E. Baktash, J. Capitolis, L. Tinat, C. Larquet, T. H. C. Chan Chang, J.-J. Gallet, F. Bournel, C. Sanchez, S. Carenco, D. Portehault. Chem. Eur. J. 2019, 25, 11114-20.

Ensemble versus Local Restructuring of Core-shell Nickel-Cobalt Nanoparticles upon Oxidation and Reduction Cycles

Bimetallic nanoparticles are widely studied, for example in catalysis. However, possible restructuring in the environment of use, such as segregation or alloying, may occur. Taken individually, state‐of‐the‐art analytical tools fail to give an overall picture of these transformations.

In collaboration with Cecile S. Bonifacio and Judith C. Yang from Pittsburg University, we studied nickel-cobalt nanoparticles exposed to reactive gases. Combination of an ensemble technique (NAP-XPS) and a local one (environmental TEM) was pivotal for describing the nanoparticles transformations.

ChemEurJ2018

S. Carenco, C. S. Bonifacio, J. C. Yang, Chem. - A Eur. J. 2018, 24, 12037-43.

Synthesis of Ce2O2S and Gd2(1– y)Ce2yO2S Nanoparticles and Reactivity from in Situ X-ray Absorption Spectroscopy and X-ray Photoelectron Spectroscopy

This article describes the synthesis of bimetallic oxysulftide nanoplatelets. They could be obtained over the whole (Gd,Ce) composition range with good control of size and cristallinity.

We observed that cerium-rich nanoparticles are less stable in air than Gd-rich nanoparticles. With in situ X-ray absorption and X-ray photoelectron spectroscopy, we could demonstrate that (i) all these nanoparticles actually exhibit surface sulfate, (ii) sulfate form as a consequence of exposure to water and/or oxygen, (iii) there is a threshold of 50% Ce above which the structure is not stable anymore in air, due to the formation of Ce(IV) species.

InorgChem2017-2

C. Larquet, A.-M. Nguyen, M. Ávila-Gutiérrez, L. Tinat, B. Lassalle-Kaiser, J.-J. Gallet, F. Bournel, A. Gauzzi, C. Sanchez, S. Carenco, Inorg. Chem. 2017, 22, 14227-14236

The Birth of Nickel Phosphides Catalysts: Monitoring Phosphorus Insertion into Nickel

Using in situ ambient-pressure X-ray photoelectron spectroscopy, the formation of nickel phosphide on the surface of a nickel foil was investigated, at temperatures like those employed to form nickel phosphide nanoparticles in colloidal route using tri-n-octylphosphine as a phsophorus source.
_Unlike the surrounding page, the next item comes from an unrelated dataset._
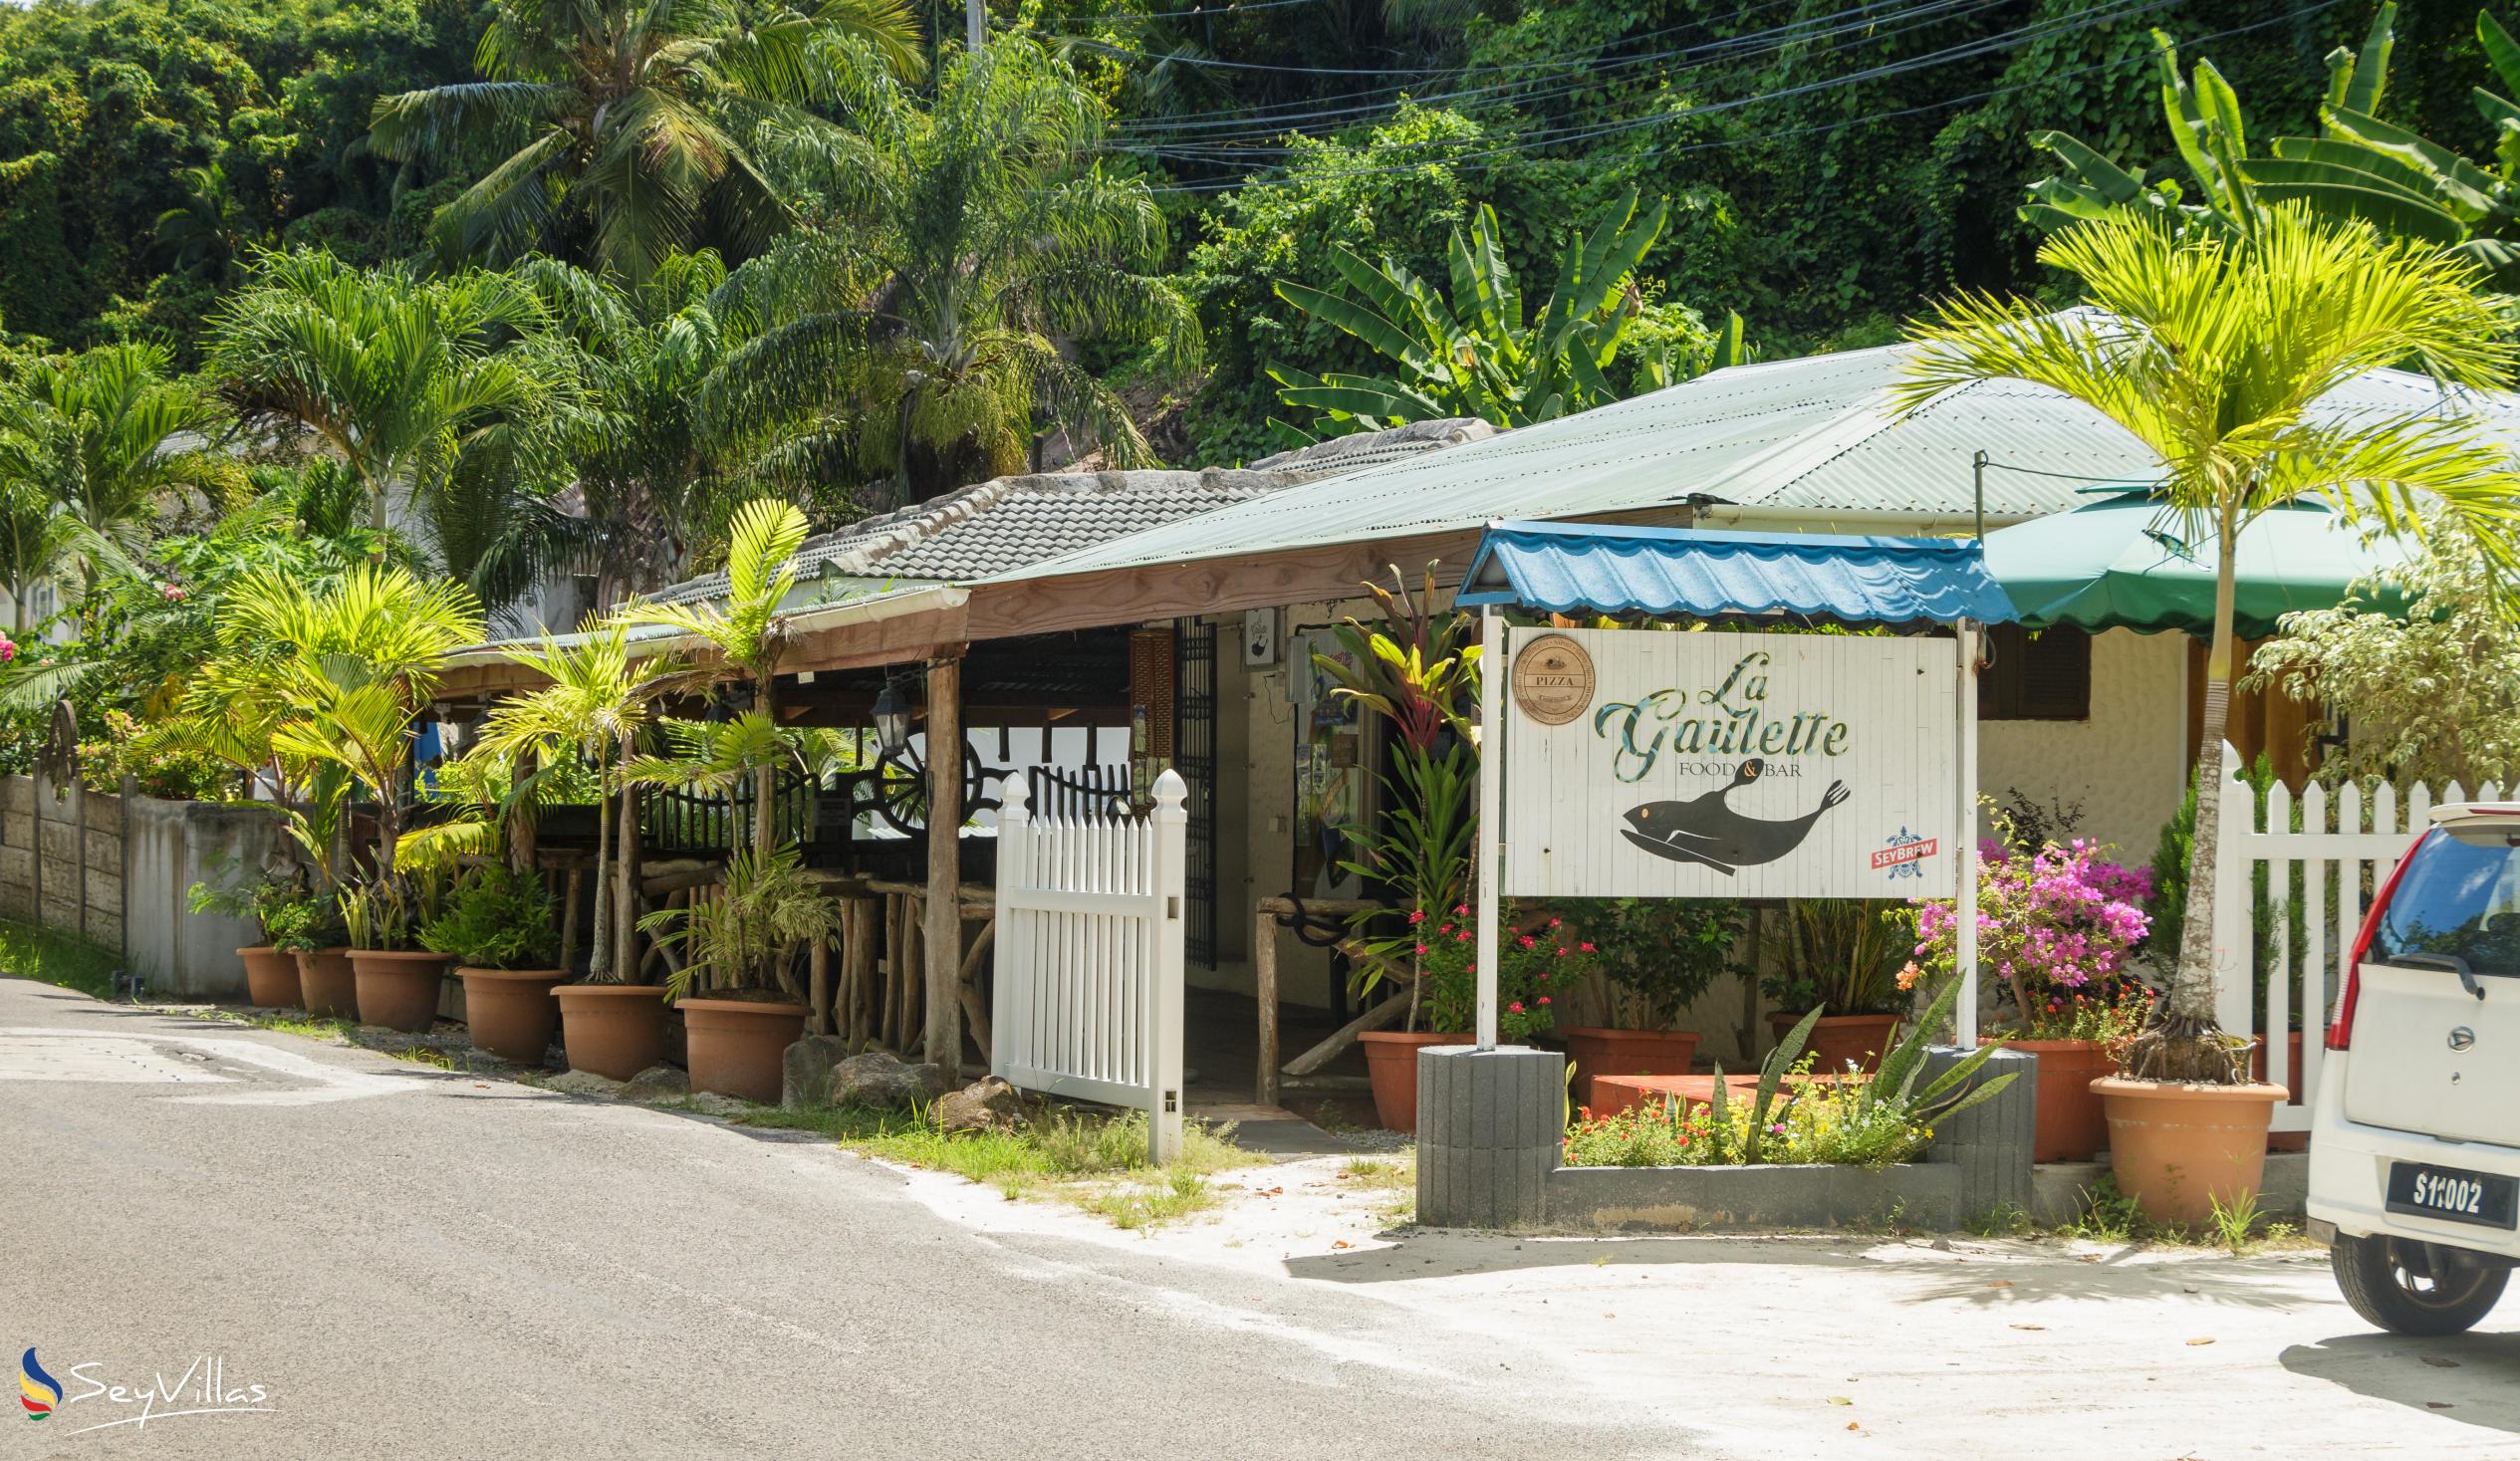 Foto 58: Lazare Picault Hotel - Posizione - Mahé (Seychelles)

Our results demonstrate that even below 150 °C, significant phosphorus and carbon incorporation can occur during metal nanoparticles syntheses that employ TOP as stabilizing agent. These findings provide new insight on the surface chemistry of metal phosphide nanoparticles, increasingly employed in several fields of catalysis.

ChemCatChem2017

S. Carenco, Z. Liu, M. Salmeron, ChemCatChem 2017, 9, 2318–2323

In Situ Solid-Gas Reactivity of Nanoscaled Metal Borides from Molten Salt Synthesis

Our study about cobalt boride nanoparticles, led by David Portehault, uses Near-Ambient-Pressure XPS to monitor the behavior of this CO2 methanation catalyst.

We uncovered that the crystalline structure is not stable in reducing conditions and evolves to metallic cobalt and boron oxide. This surprising result was confirmed by NEXAFS measurements and additional characterizations.

InorgChem2017

G. Gouget, D. P. Debecker, A. Kim, G. Olivieri, J.-J. Gallet, F. Bournel, C. Thomas, O. Ersen, S. Moldovan, C. Sanchez, S. Carenco, D. Portehault. Inorg. Chem. 2017, 56, 9225–9234

Reviews papers:

Describing inorganic nanoparticles in the context of surface reactivity and catalysis

Surface and core of inorganic nanoparticles may undergo profound transformations in their environment of use. Accurate description is key to understand and control surface reactivity.

Through a selection of case studies, this feature article proposes a journey from surface science to nanoparticle design, while illustrating state-of-the-art spectroscopies that help provide a relevant description of inorganic nanoparticles in the context of surface reactivity.